The hand also adds an element of seduction: someone has decided to turn the dial to the max, right there, right in front of you as you are reading. It is like someone has turned on the telly for you. Like the content of the blog is pre-selected, curated for you: “for your reading pleasure.”, the motion says. It is inviting.

That the knob is ‘knobby’ is a nod to engineering. It invokes the feeling that this is a serious thing. There is real work going on around here. It is not a pretentious modern minimal knob, which looks like it is there for show. It looks like it means business. It reminds the reader of when gadgets were real, and labourious and ‘gadgety’, and made you feel their presence. And because of this, you became hyperaware of them, and hyperaware of how different you were from them. You felt more human and alive—Man versus Machine.

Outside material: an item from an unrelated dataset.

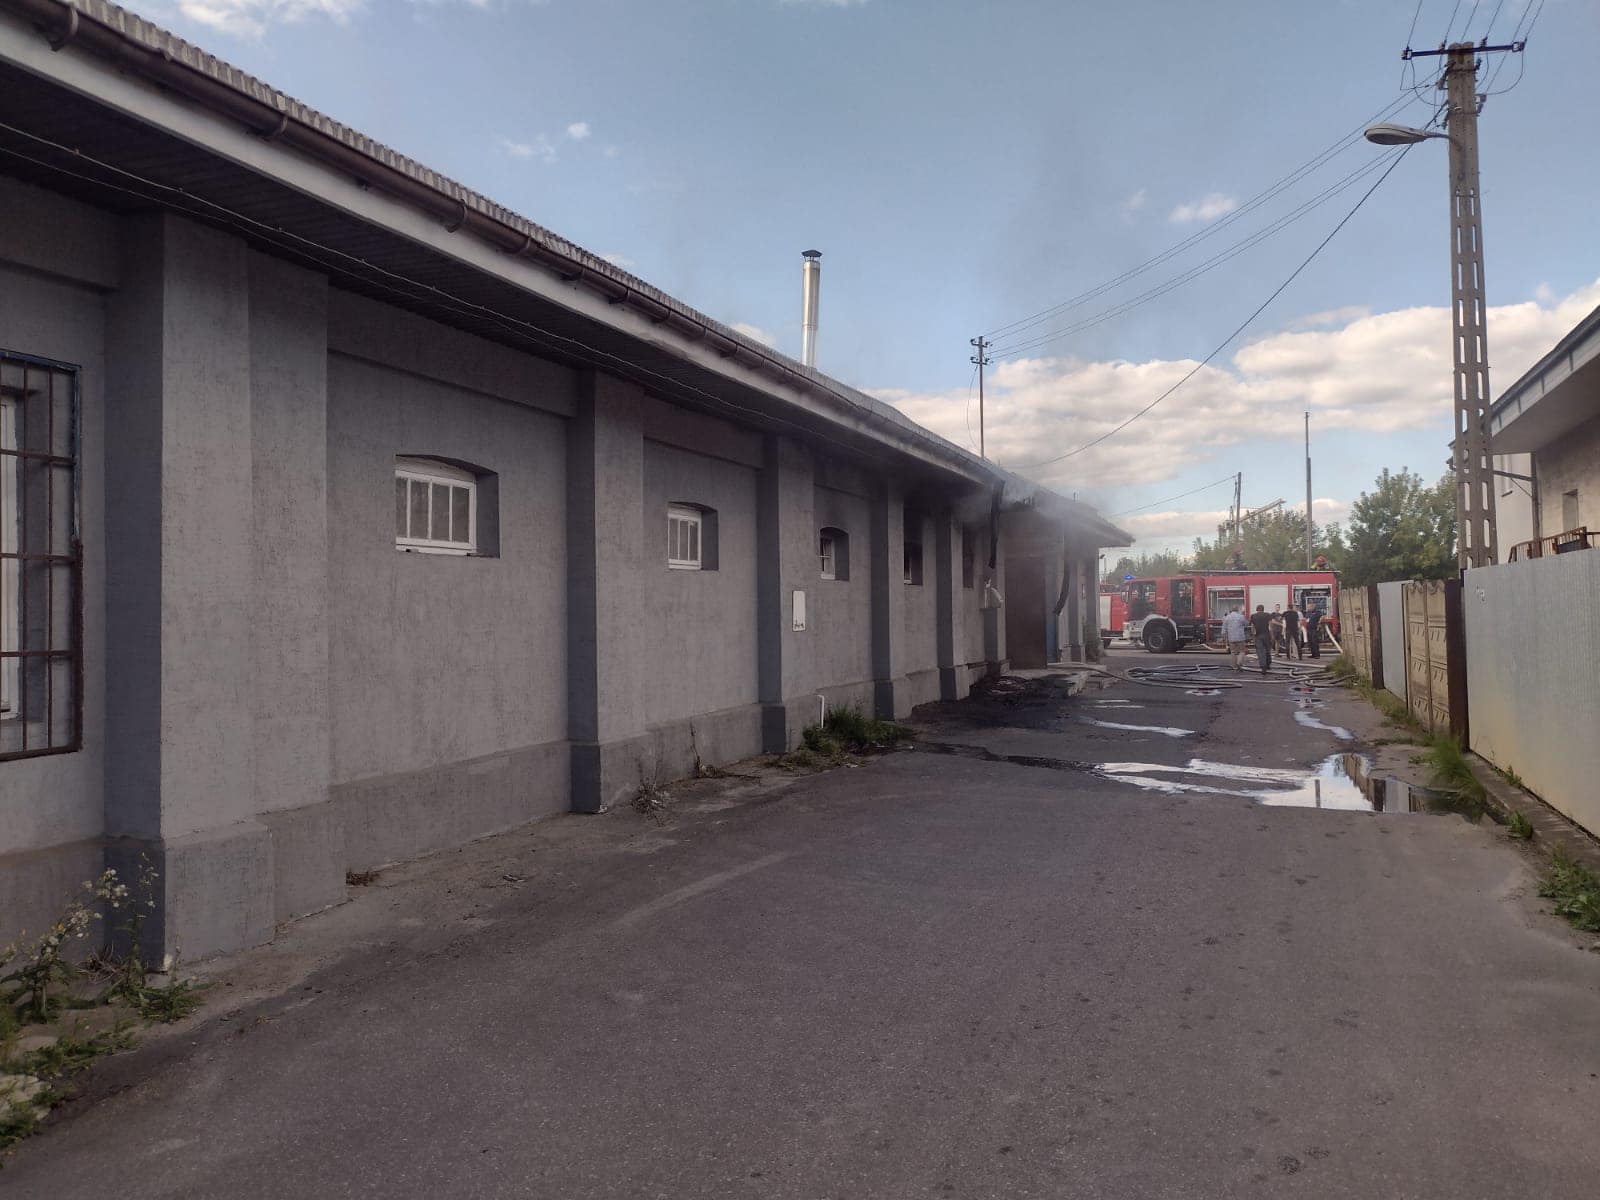 Kilkudziesięciu strażaków walczyło z pożarem sklepu meblowego. „Ogień wydobywał się przez otwory okienne i dach” (zdjęcia)

The other knobs also invite curiosity about what else is out there. It signals that someone had a choice among many, but chose (h)Edge, and when the knob is turned, it doesn’t pan back to the other knobs as if they are sort of irrelevant at the moment. Not out of competition, but because the reader’s attention is engaged with (h)Edge right now. The visualisation of the scale of (h)Edge increasing is sort of like a harbinger: after reading QH, they gain (h)Edge. But it makes the reader feel like this (h)Edge is here in the room with us, now that the dial has been turned.

So this whole experience of the knobs, the hand, the turning of the dial, and the final resting turned dial that is all the way up packs a lot of emotion that captures everything that I believe QH is about. Finally, QH sounds like HQ. It’s a hidden connection that isn’t easy to spot so there are latent feelings of going to a headquarters. There is some authoritativeness baked in, but in a playful way that is not domineering. You feel like you are in league with the bosses. Like you are actually the final boss. The 3d aspect is to make it very real so that it bypasses your defenses. It gives the feeling of everything else in nature. Like it’s always been there just like the trees, the river, the mountains. Like many before you have laid their eyes on it and many more will after you. It opens you up to adventure. It is like a breath of fresh air.

Btw, to keep the emotion alive. The final still shot can have a blinker at the max to really bring home the fact that we are at max (h)Edge. This mysterical force or energy, and also make the readers blood quicken with a sense of urgency. Same thing they get in the market.

***

Sounds cool right? Well, this is what I actually made, in MS paint. Go back and read my initial concept right after I had woken up, it’s exactly this:

Quantitative (h)Edge logo. Made by Author in MS Paint

No fancy-shmancy gif, just the original concept in as simple a manner as possible, yet I like it more than the GIF idea. I don’t know what this all means, I’ll leave that for the philosophers among us. For me, it is a lesson about how perfect is the enemy of good, and I’m sharing it so you can see your own reflection in my shenanigans.